A outra história é mais recente, e tem como protagonista o Banif. Quem me conhece sabe que não gosto de extremar a minha opinião em público, por saber que a verdade vai muito além do preto ou do branco (e ter noção de que dificilmente sou dono dela), mas confesso que sempre tive uma embirração particular com o Banif. Via os sinais de implosão, e custava-me bastante ver perdas acumuladas em todos os que apenas compravam pelo baixo valor unitário dos seus títulos. Estávamos em 2014, e eu tinha escrito um post particularmente acutilante relativamente ao que achava do título: depois de pouco tempo antes ter vindo de 10 até 1,2 cêntimos, acreditava que o peso do aumento de capital forçaria os títulos a derraparem mais 20% e a convergirem com a marca do cêntimo.

Recordo-me que estava a fazer uma palestra sobre mercados em Lisboa, sobre o investimento no mercado Português, e durante a sessão usei o Banif como exemplo. Um dos participantes na sessão aproveitou o debate pós sessão para me dizer que discordava do meu ponto de vista sobre aquele assunto em particular, e que via o Banif novamente a 3 cêntimos dentro de poucos meses. Aproveitou também para me perguntar com que probabilidade eu encararia essa possibilidade, ao que eu respondi que apesar da sempre certa imprevisibilidade dos mercados veria como muitíssimo improvável que tal ocorresse num futuro próximo. A pessoa discordou uma vez mais da minha opinião, e disse-me que eu estava a falhar em ver o valor do título (opinião que eu respeitei profundamente, por já me ter enganado largas dezenas de vezes no reconhecimento de valor a alguns títulos). 

Espero que aquele participante tenha saído dessa sessão com uma visão diferente da que tinha, que lhe tenha permitido fugir a tempo do que acabou por acontecer ao Banif. Infelizmente conheço dezenas de pessoas que não conseguiram fugir a tempo e foram esmagadas pelo que aconteceu no Banif. É importante que se perceba que por vezes a "simples" existência de valor não é suficiente para fazer um título crescer. Fazem parte da equação que dá balanço ao preço milhares de variáveis distintas, entre as quais se contam a incompetência das administrações, os interesses especulativos, as distracções dos reguladores, a força da irracionalidade, entre tantos e tantos outros. O valor é apenas mais uma variável, poucas vezes a mais importante. 

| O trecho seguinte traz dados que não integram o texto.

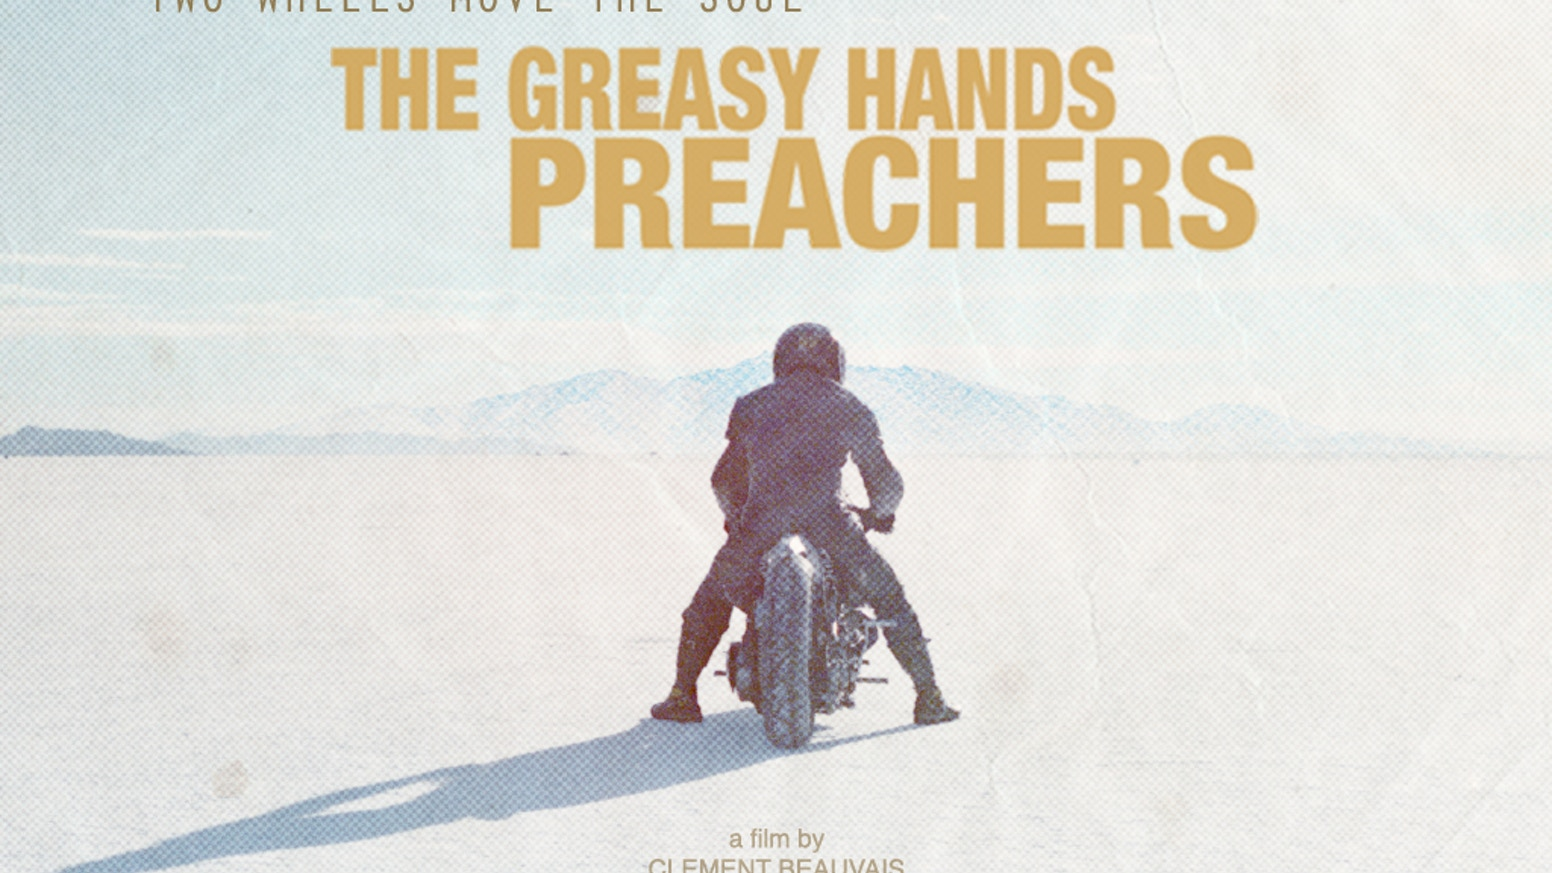 THE GREASY HANDS PREACHERS DOCUMENTARY by Clement & Arthur — Kickstarter

Entenda-se de uma forma muito clara que não quero com esta história comparar o BCP ao Banif, tal como não o quero comparar à Jerónimo Martins. Queria apenas ilustrar, com dois exemplos extremos, que ter uma posição de ódio ou de paixão nos pode limitar os ganhos ou fazer incorrer em perdas, Mesmo quando temos razão! É fundamental que se dê uma hipótese ao contraditório, que se tente compreender por que motivo o outro lado da barricada é tão apaixonado relativamente às opções que defende. Haverá certamente vários motivos válidos de suporte a essas opiniões contrárias, porque de outra forma estas não teriam tantos apoiantes. Nos mercados, mais importante do que nos agarrarmos cegamente a uma ou a outra perspectiva, acredito que o posicionamento mais lucrativo seja o central. Deixar cair, manter a atenção, e entrar aos poucos sempre que os sinais de inversão comecem a dar mostras sólidas de instalação. De uma forma fria, calculista, deixando de lado clubismos ou visões tendenciosas. Porque, acreditem, raramente há preto ou branco nos mercados. É quase sempre a área cinzenta a dominar os movimentos, o que torna particularmente difícil encontrar as respostas certas nos extremos.